* Assignment
Keep every word of the listing and reproduce it exactly, but set aside any image found there.

===== Dataset extract

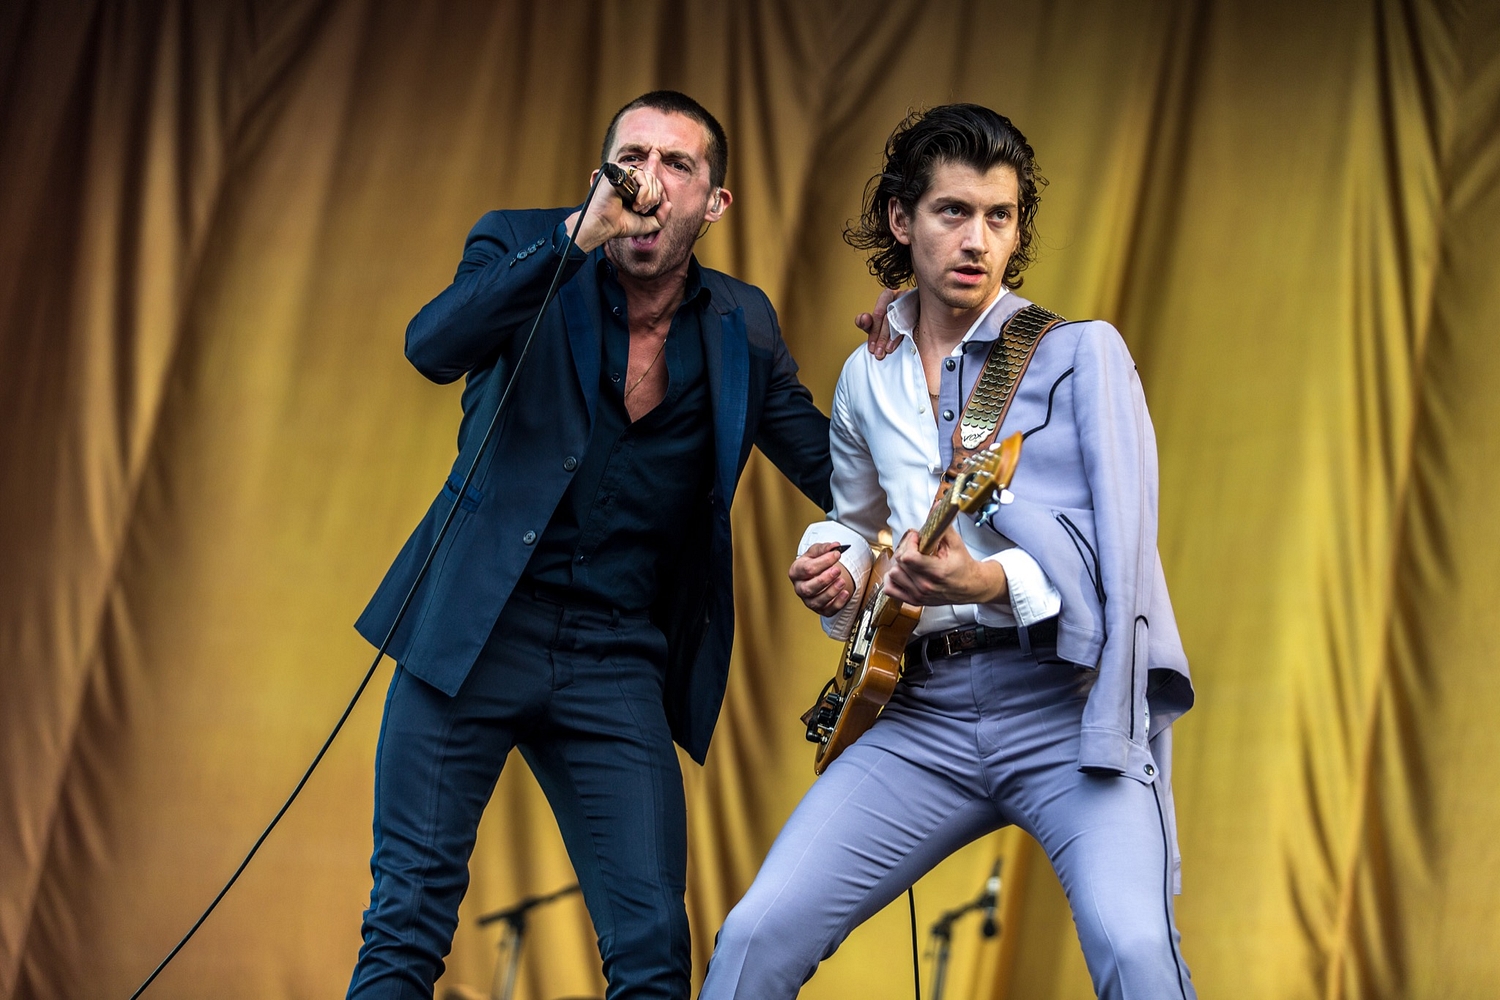 Watch Alex Turner joining Miles Kane on stage in Paris
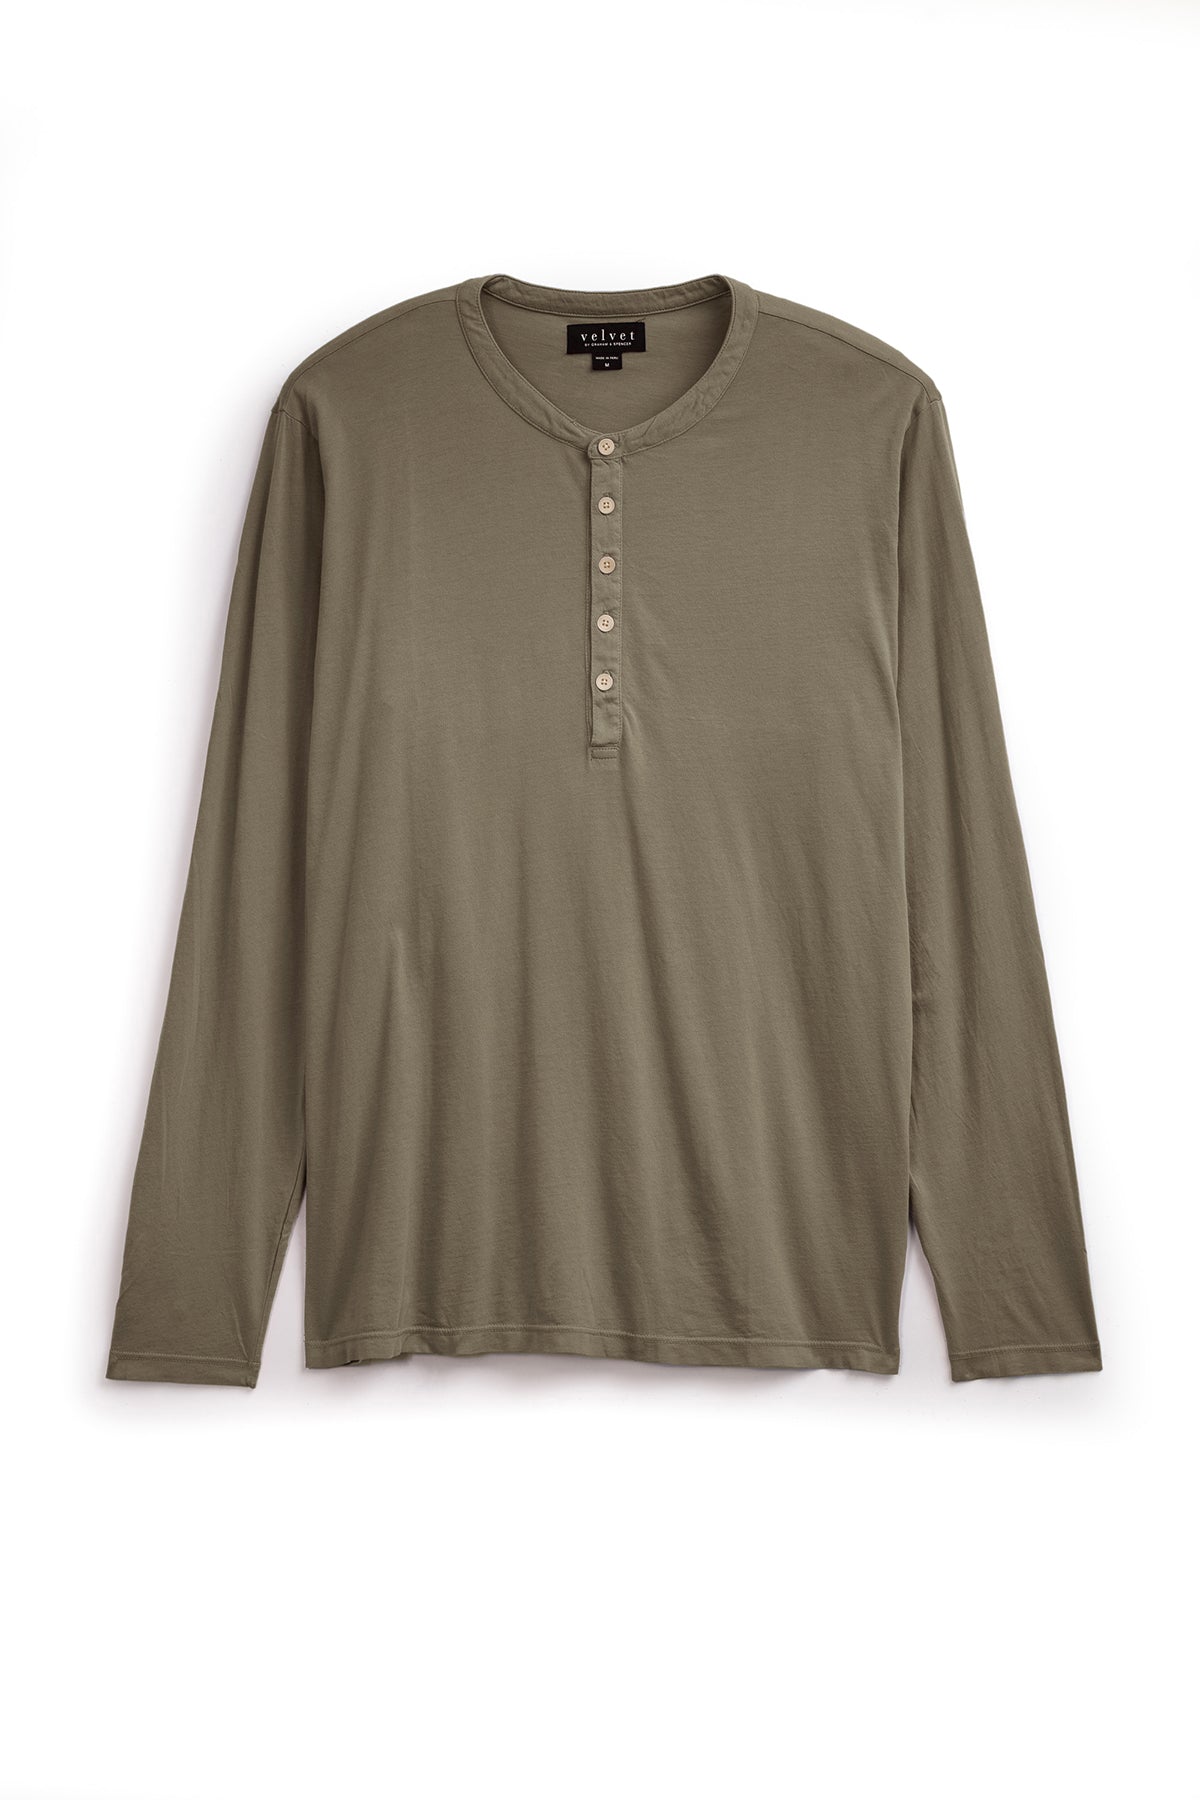 Olive green long-sleeve ALVARO HENLEY with a buttoned placket, crafted from a whisper knit for a lightweight feel, displayed on a white background by Velvet by Graham & Spencer.-36009207824577
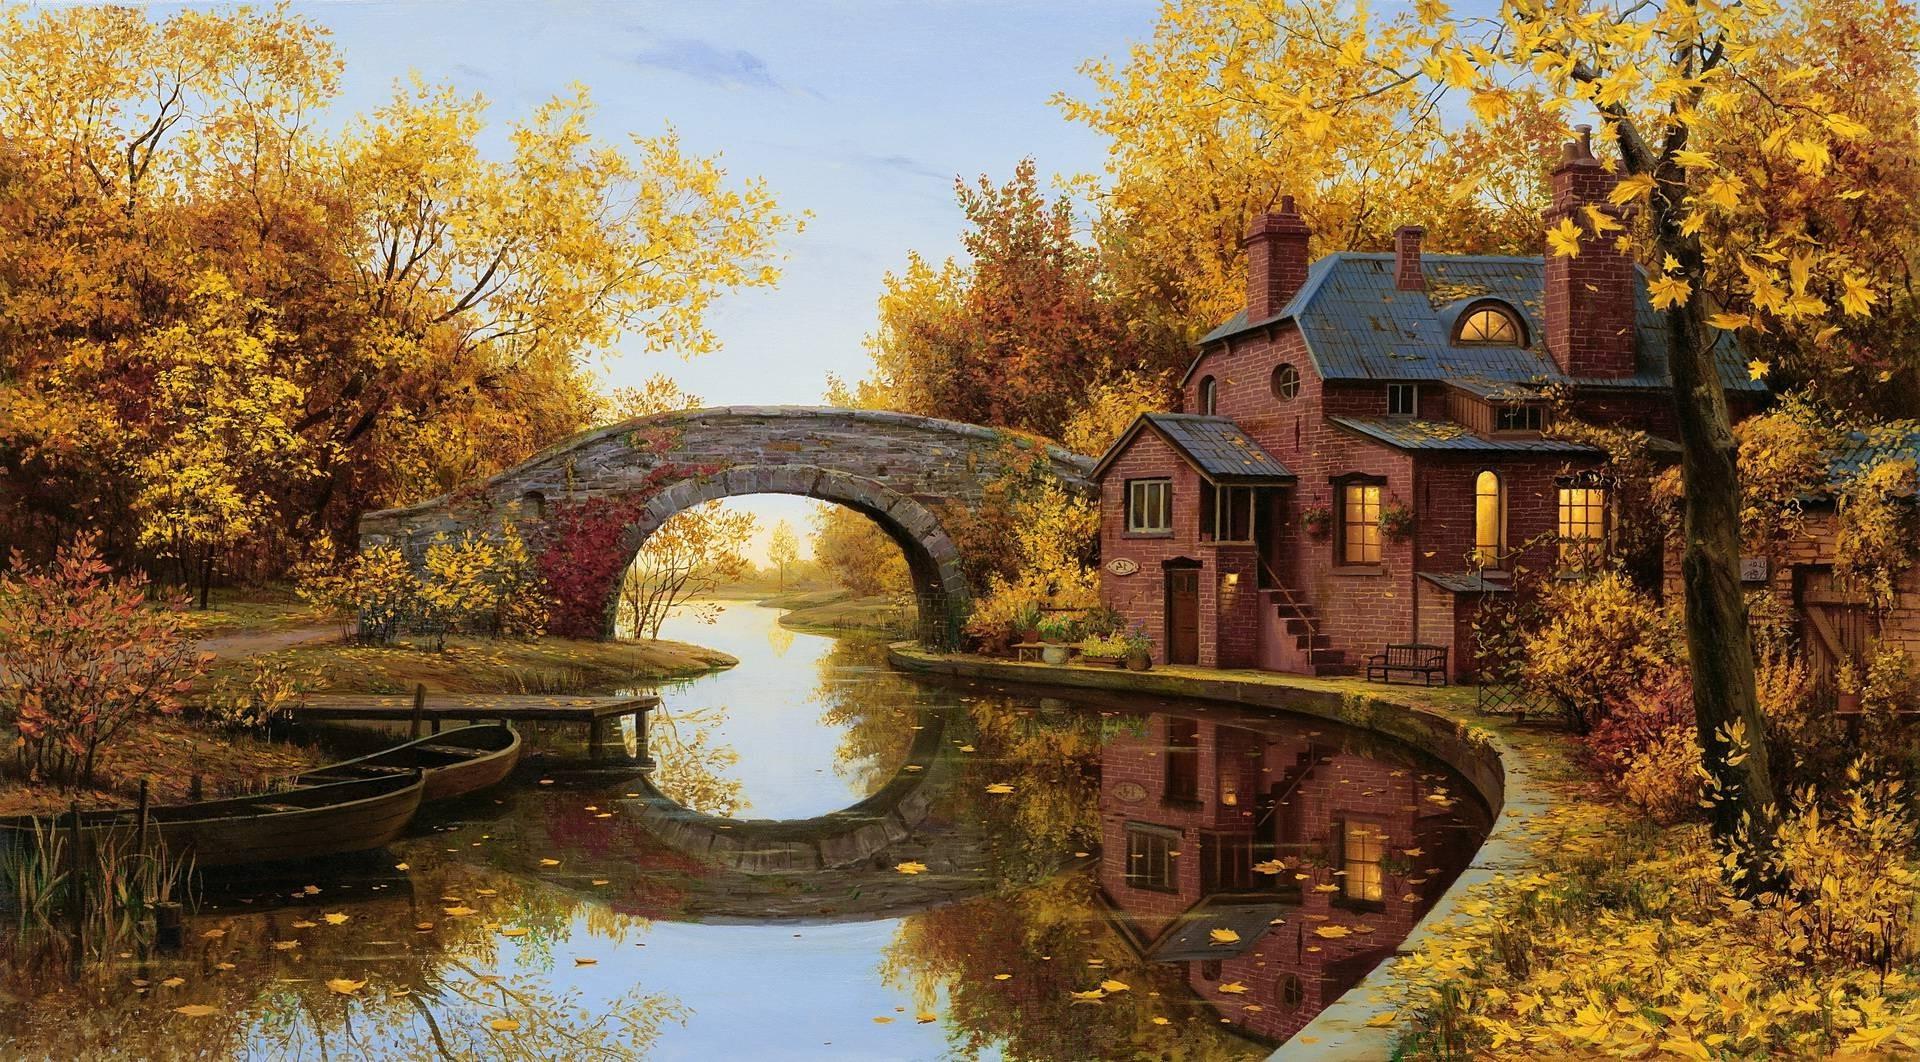 reflection bridge arch river house trees boat fall

==========

* Result for this exercise
 Watch Alex Turner joining Miles Kane on stage in Paris
 Olive green long-sleeve ALVARO HENLEY with a buttoned placket, crafted from a whisper knit for a lightweight feel, displayed on a white background by Velvet by Graham & Spencer.-36009207824577
 reflection bridge arch river house trees boat fall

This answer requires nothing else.